Stories about suicide should not be used in school anti-bullying campaigns because they risk giving a message to children that “there is a way out”, warns a leading psychologist.
Dr Helene Guldberg, the founder of the online current affairs magazine Spiked and author of Reclaiming Childhood: Freedom and Play in an Age of Fear, told a session on bullying at the Battle of Ideas summit in London on Sunday that anti-bullying campaigns should “stop talking about bullycide”.
References to bullying-related suicides and self-harm are prevalent in the print media, while internet searches reveal hundreds of videos telling the stories of young people who ended their lives as a result of bullying.
While Dr Guldberg, pictured right, says she is “sure” campaigners do not tell these stories “for the wrong reasons”, but that they are “using the death of children and teenagers to make a point”.

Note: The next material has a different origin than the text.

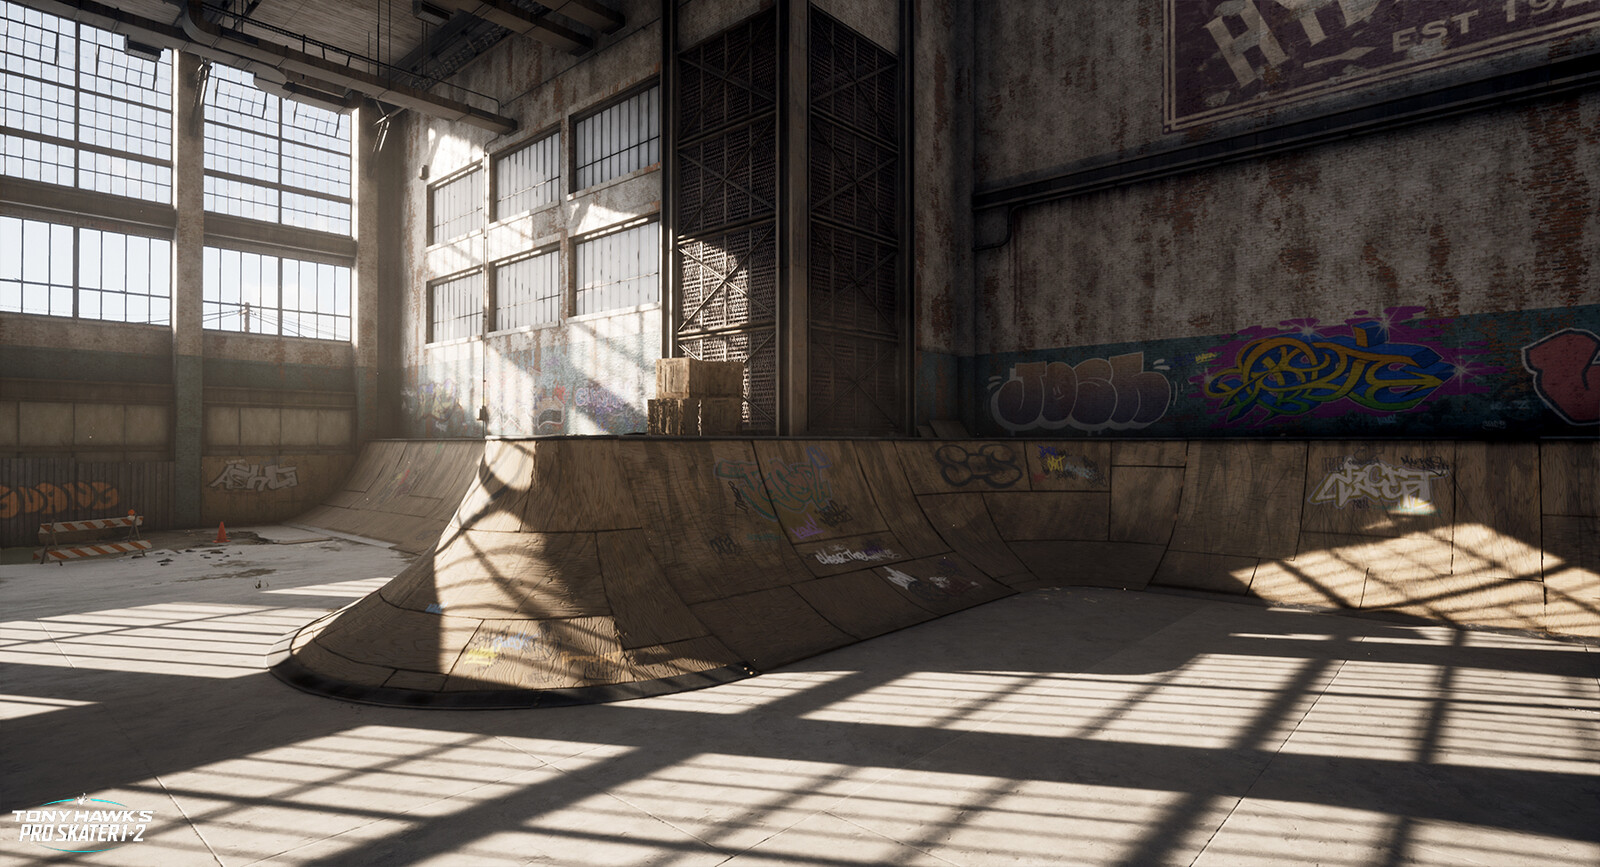 Other section of the long halfpipe in Warehouse, as well as more of the placed Graffiti.

She accuses some members of the anti-bullying community of “pointing the finger at children and teenagers” and blaming them for the deaths of bullying victims, when “actually it’s often a lot more complex.
“The message it gives is that there is a way out, you can take your life and balloons are released and you are a saint. Do not give that message ever to children that there is a way out.”
The Anti-Bullying Alliance says it is important not to “tar all organisations with the same brush”.
National coordinator Lauren Seager-Smith told Schools Week her organisation has “always taken a strong position” on self-harm and suicide stories in anti-bullying work – “at times in stark contrast to other anti-bullying charities.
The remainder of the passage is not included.